A fair point regarding the Skripals, to be sure; Russian dissidents have a history of suspiciously accidental mishaps, such as a journalist who tumbled from his fifth-floor balcony in April 2018, an oligarch whose March 2013 death was “consistent with hanging”, and other famous departed Russians like Anna Politkovskaya and Aleksandr Litvinenko. Babchenko, who had been conscripted into the Russian army and served in the Communications Corps until 2000, covered the First and Second Chechen Wars. In 2014 he was in Kiev covering the Maidan revolution which overthrew then-president Yanukovich and sparked the continuing conflict between Russia and Ukraine, once considered brethren nations. Accounts of his experiences in Chechnya were published in the opposition news magazine Novy Mir (New World); a magazine primarily noteworthy for publishing Aleksandr Solzhenitsyn’s 1962 novel One Day in the Life of Ivan Denisovich, the first published acknowledgment of Stalinist repression.

In 2017, Babchenko felt forced to flee Russia after publishing a post on Facebook expressing his lack of sympathy for the plane crash which killed sixty-four members of the Aleksandrov Ensemble (Red Army Choir) on 25 December 2016. Babchenko wrote of his reaction:

“I have only one feeling – I do not care. I did not oppose this state and its servants. This state and its servants opposed me. It appointed me an enemy and a national traitor.”

In February 2017, another Facebook post by Babchenko ended up being translated and published in Western media. By his account, he had reason to flee Russia, and he did so, ultimately finding work with Ukraine’s ATR television channel, aimed at the Crimean Tatar community and itself an exile after Russia refused to renew its license following the annexation of Crimea. So it was that Babchenko found himself in Kiev, with the Russian security apparatus apparently looking for any opportunity to silence yet another dissident.

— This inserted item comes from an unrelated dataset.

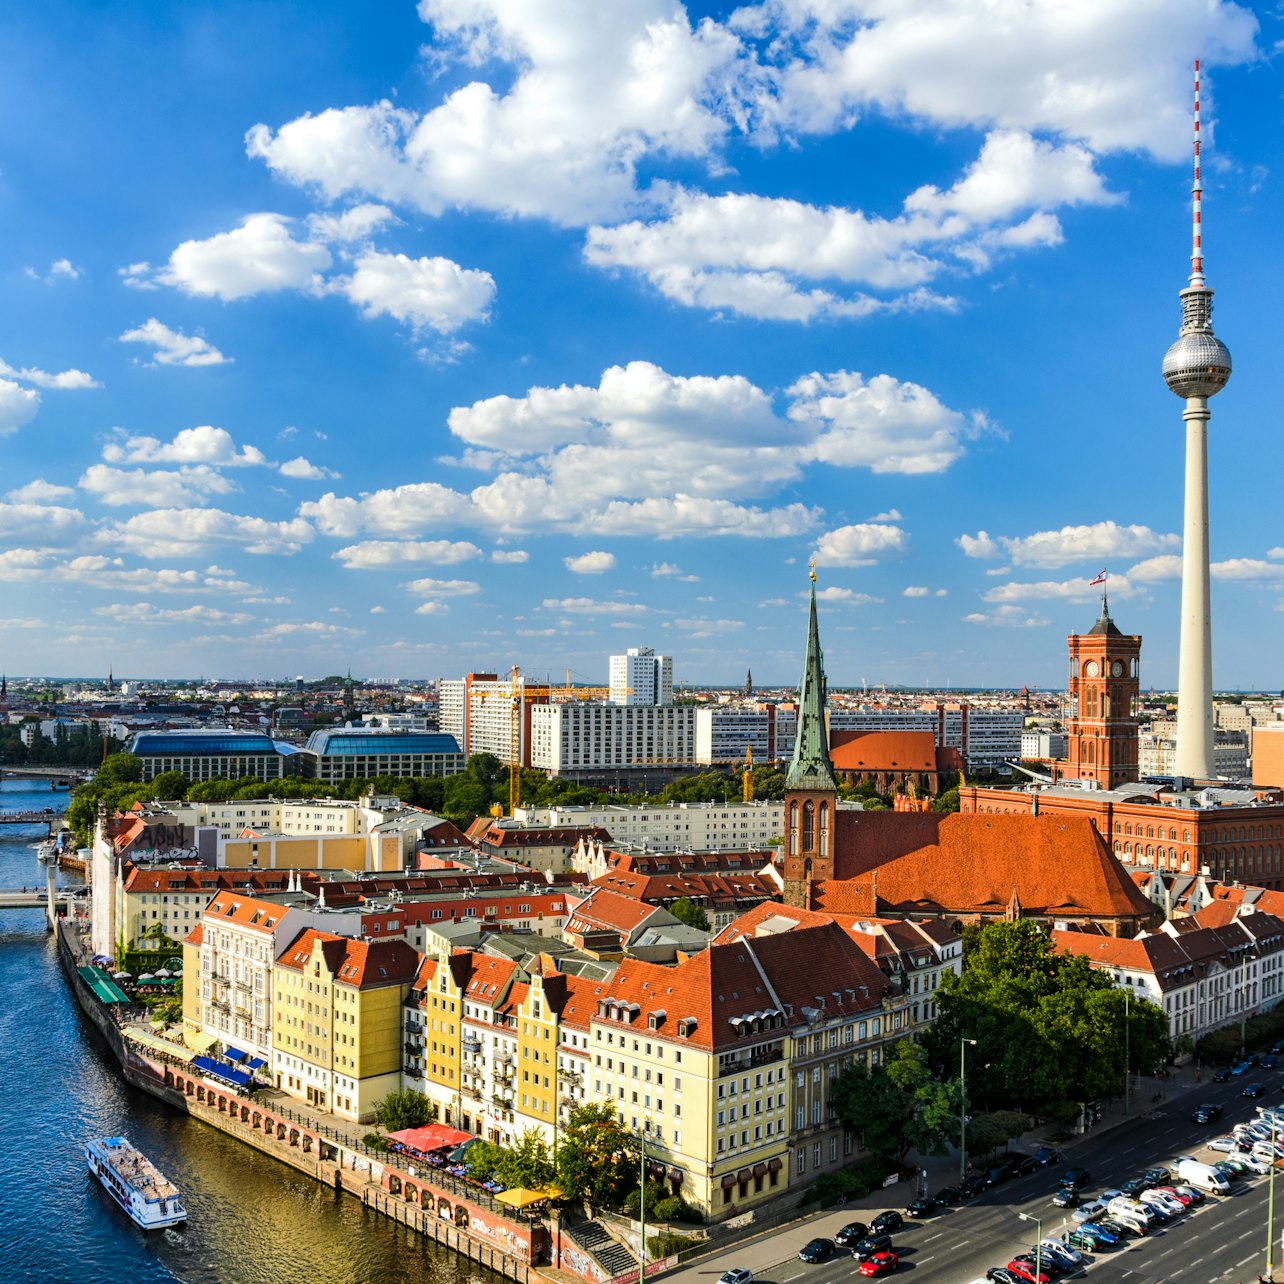 Berlin TV Tower: Highest Afternoon Break - Accommodations in Berlin

Yet the staged assassination has drawn criticism from a variety of organizations, notably the Organisation for Security and Co-operation in Europe (OSCE), the International Federation of Journalists, and Reporters Without Borders. No matter what threats may have been uncovered against Babchenko’s life by Ukrainian security services, he is now being criticised for undermining journalistic trust and integrity. Andrei Soldatov, a colleague of Babchenko, said that the police sting crossed a line “big time”, Reporters Without Borders called the operation a “pathetic stunt“, and the Committee to Protect Journalists, an organisation promoting press freedom, tweeted that the evidence that led to the staged assassination must be made public. Despite the pressure Ukraine is under for having conducted a sting operation, officials in Kiev must have deemed it a cost-effective operation in terms of intelligence gathered.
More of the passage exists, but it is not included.